■ Your instructions: Only the lines from the one containing "with Swivel Hook" to the end of the data should be copied, exactly and without pictures.

■ Information supplied:
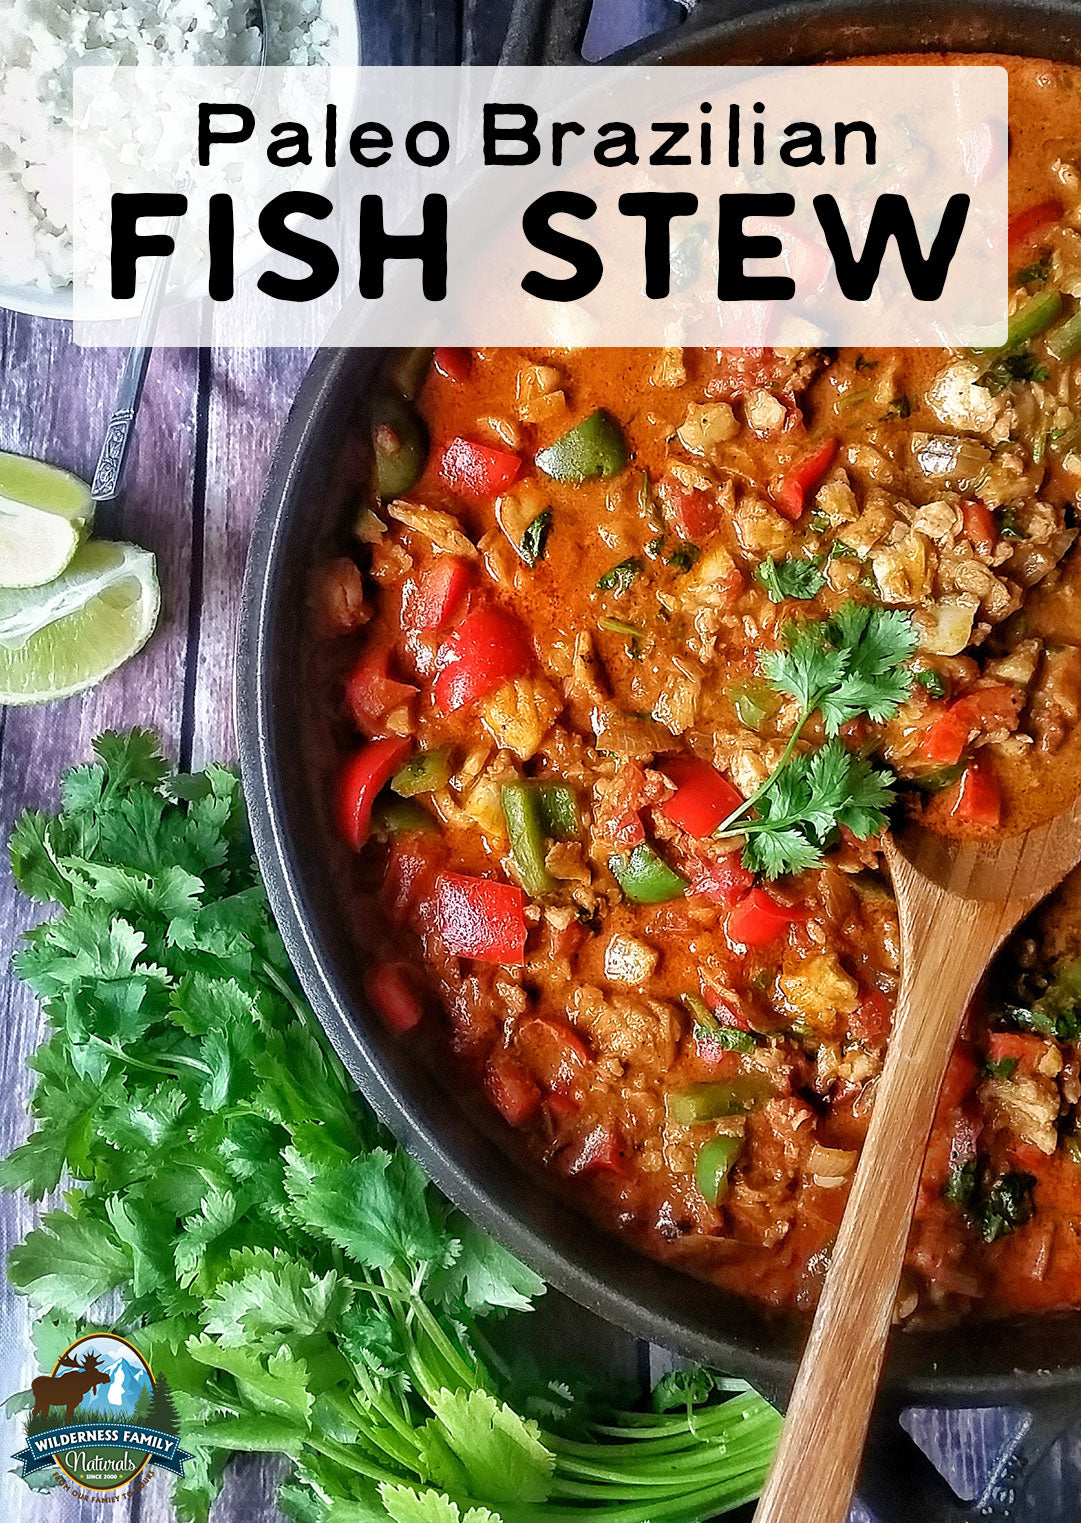 Paleo Brazilian Fish Stew | Rich and flavorful, this traditional Paleo Brazilian fish stew uses sustainably sourced red palm oil and is full of nourishing broth and fresh flavors like lime, chili, and cilantro! | WildernessFamilyNaturals.com
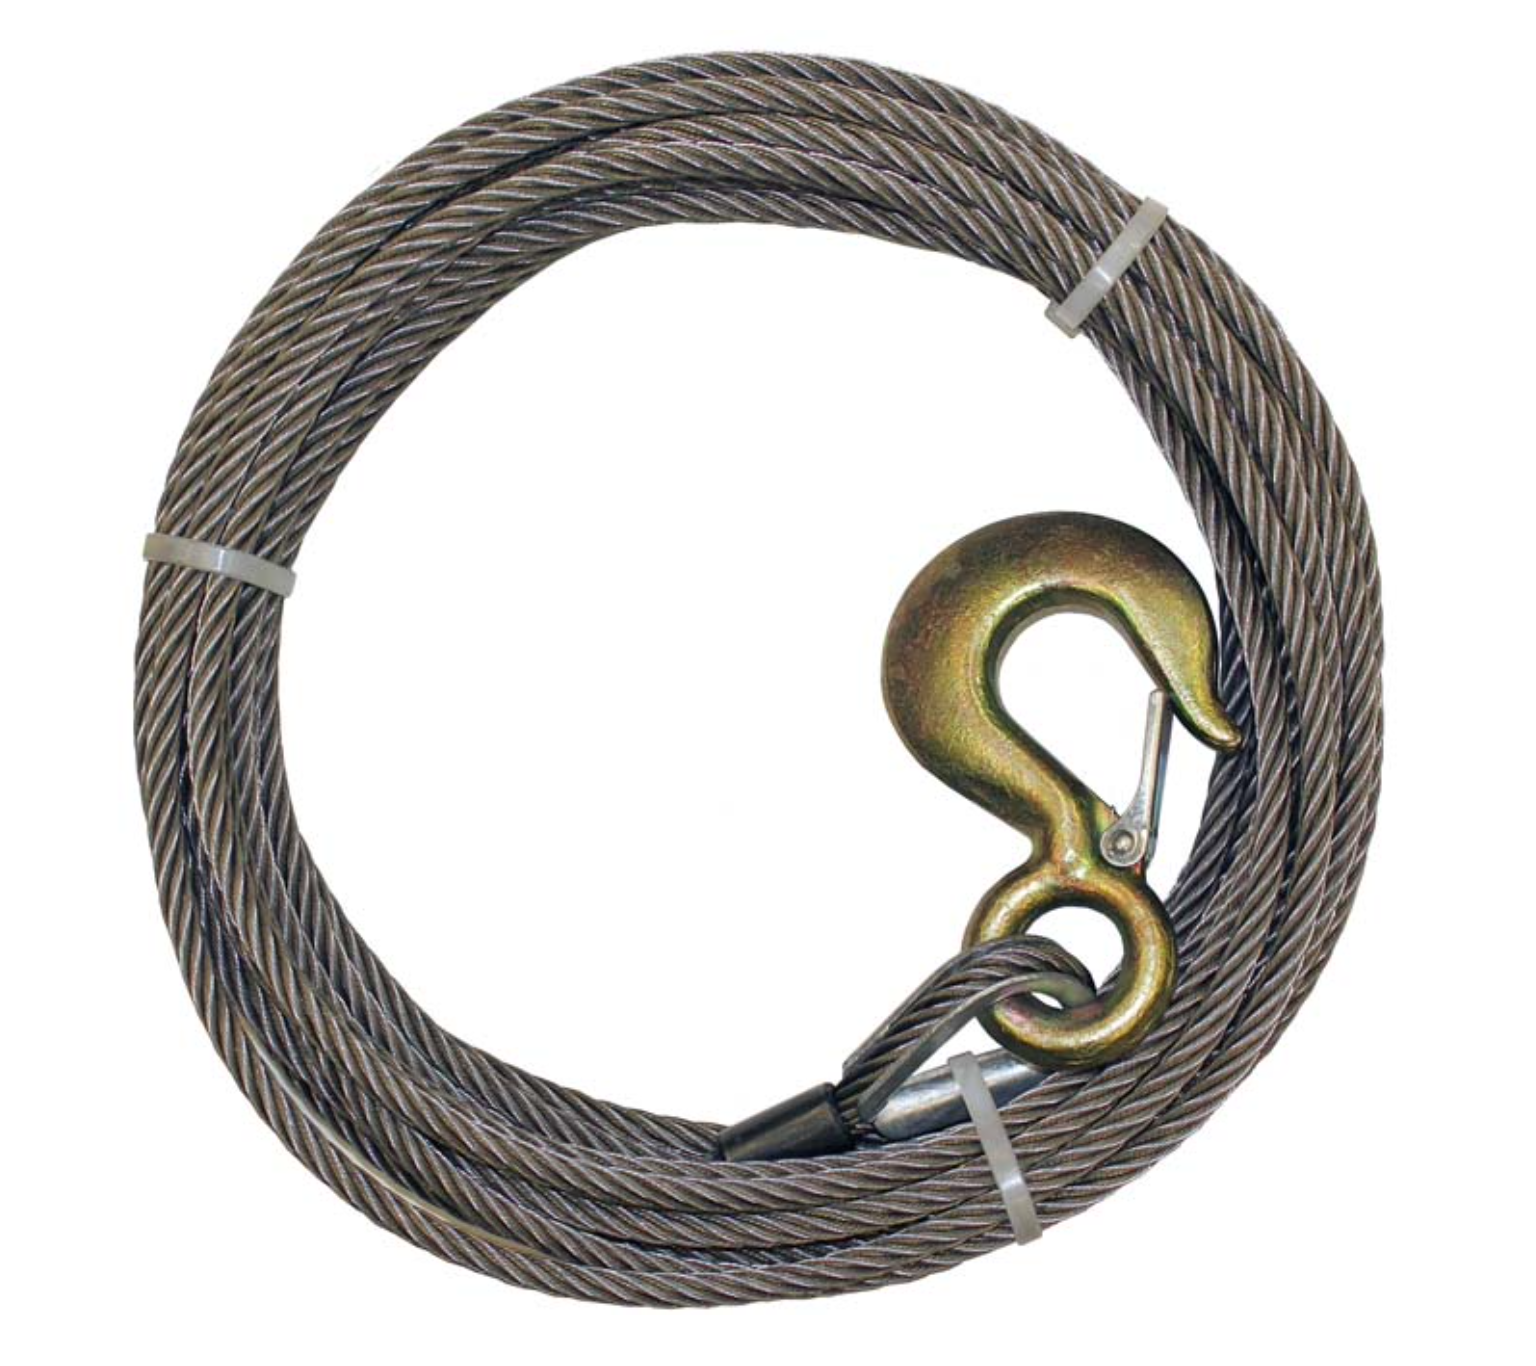 B/A Products 3/8" x 100' Fiber Core Winch Cable with Swivel Hook
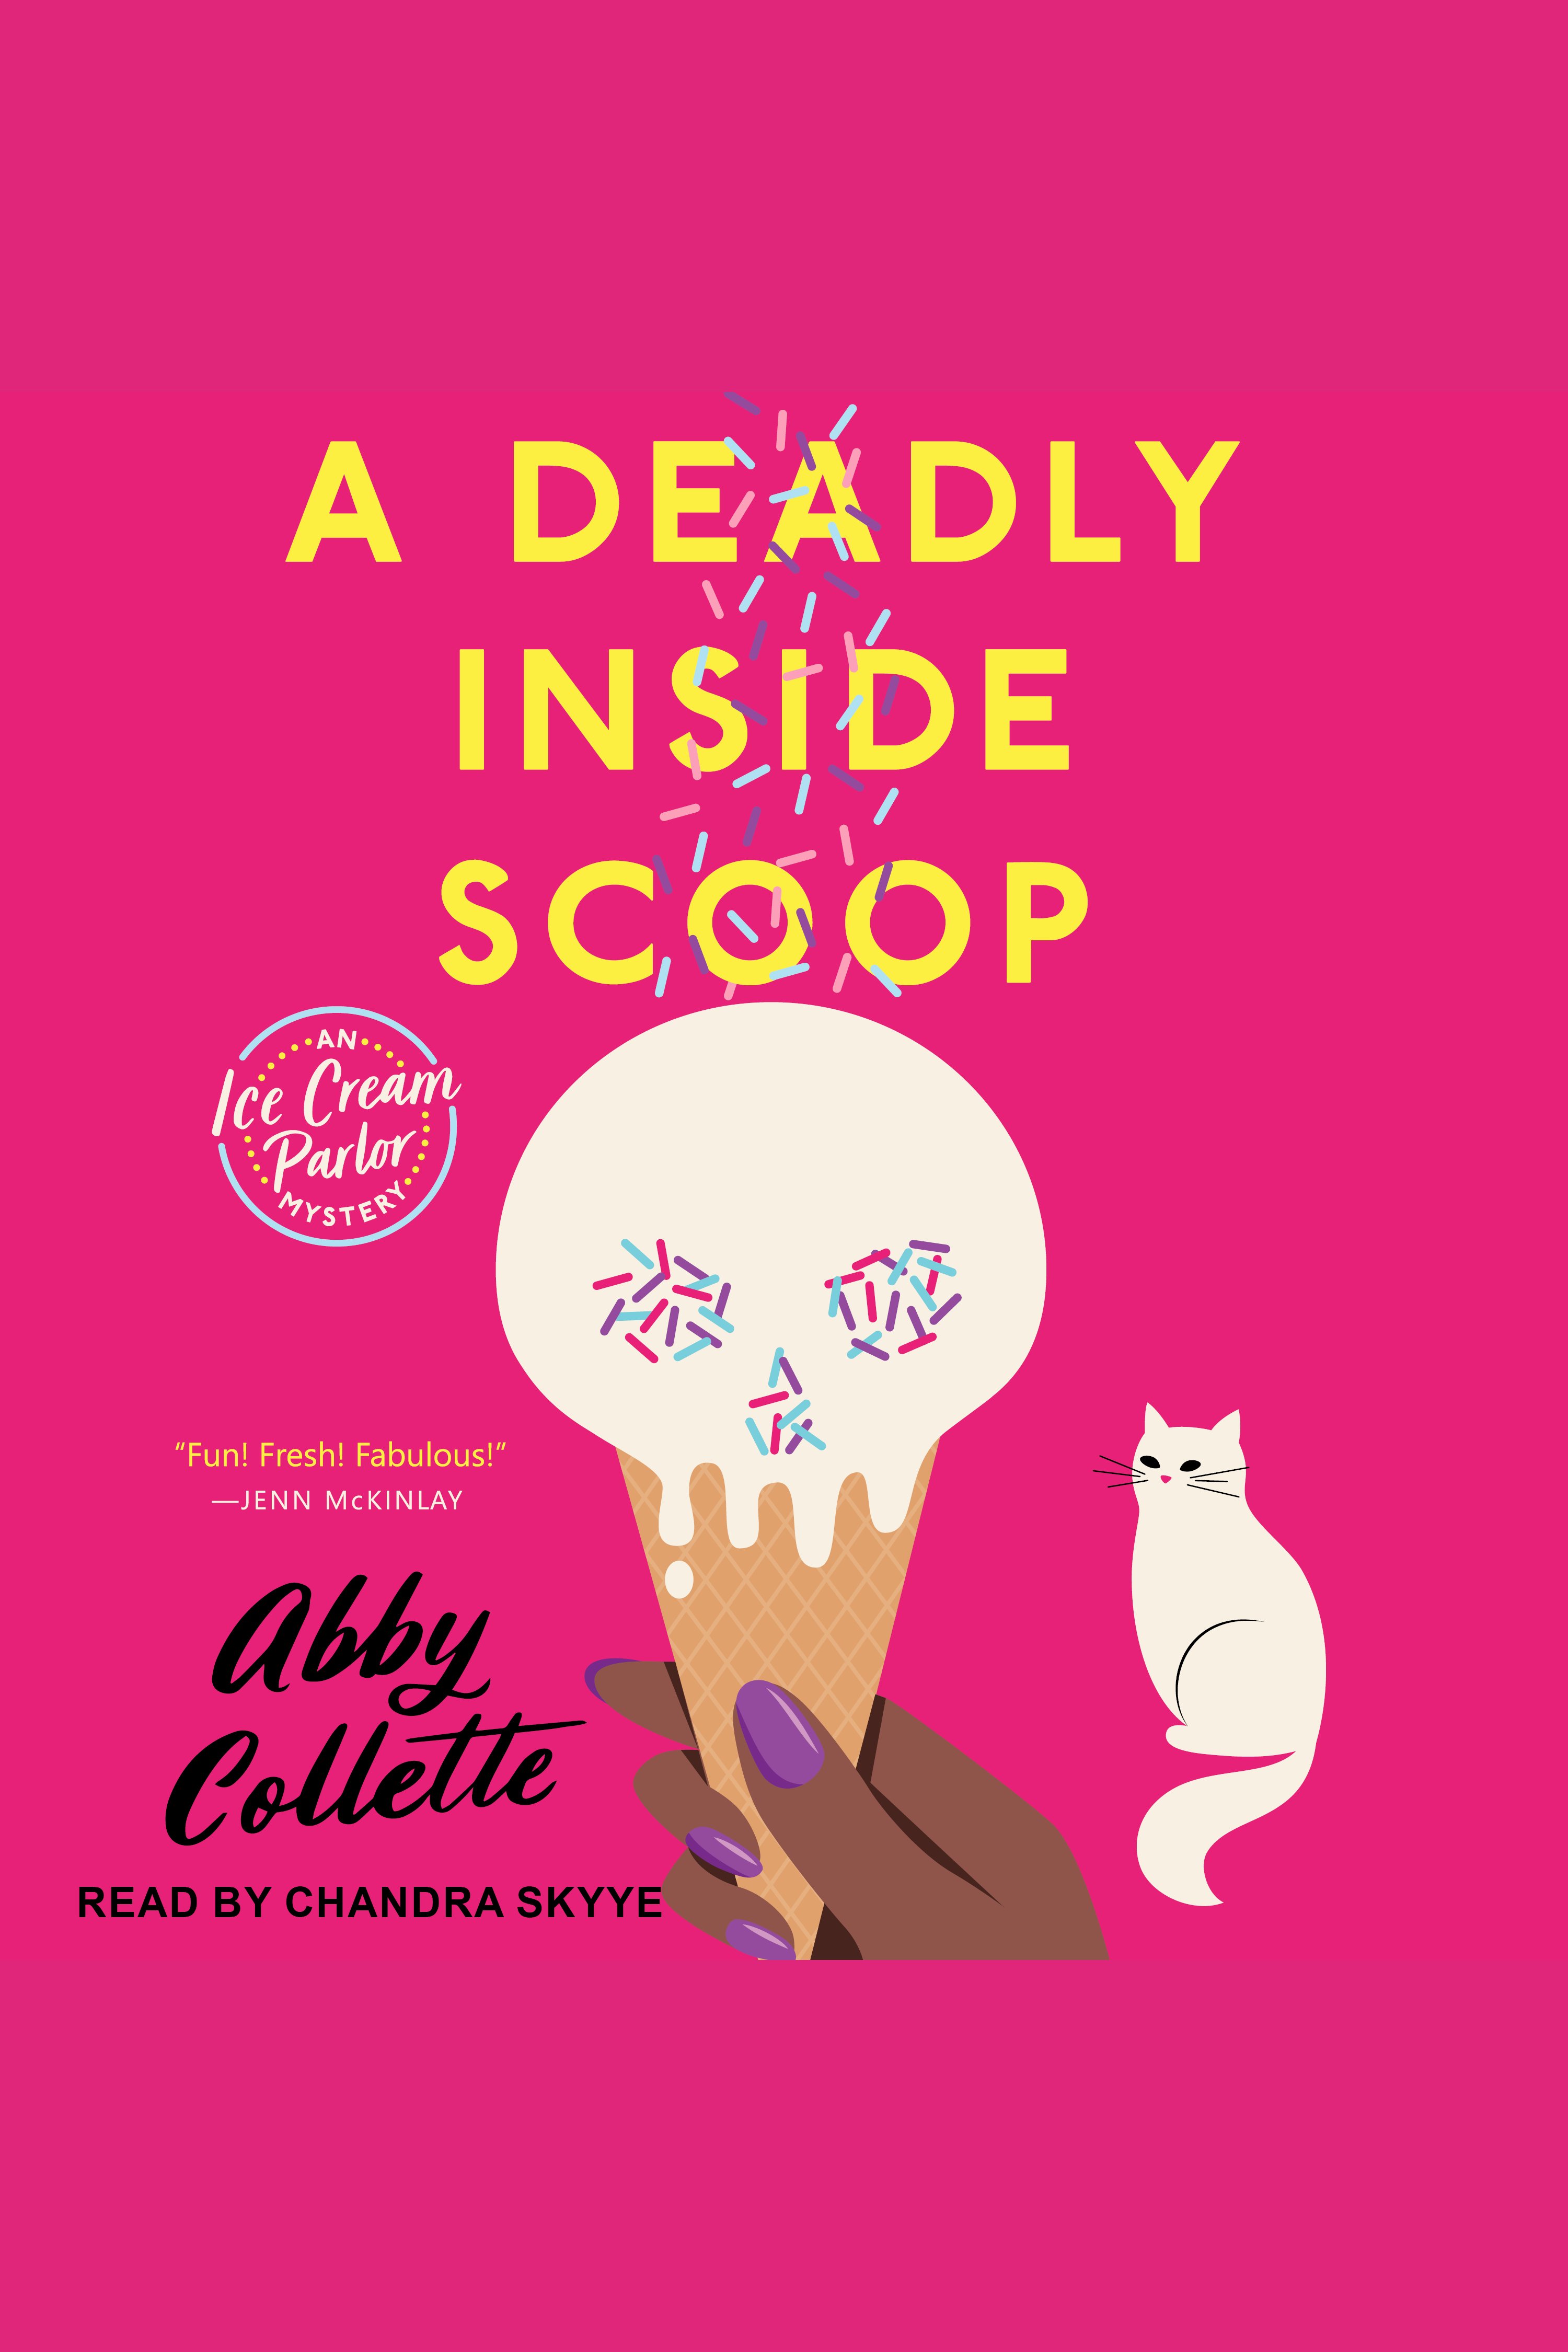 Umschlagbild für Deadly Inside Scoop, A [electronic resource] : An Ice Cream Shop Mystery

■ Answer space:
 B/A Products 3/8" x 100' Fiber Core Winch Cable with Swivel Hook
 Umschlagbild für Deadly Inside Scoop, A [electronic resource] : An Ice Cream Shop Mystery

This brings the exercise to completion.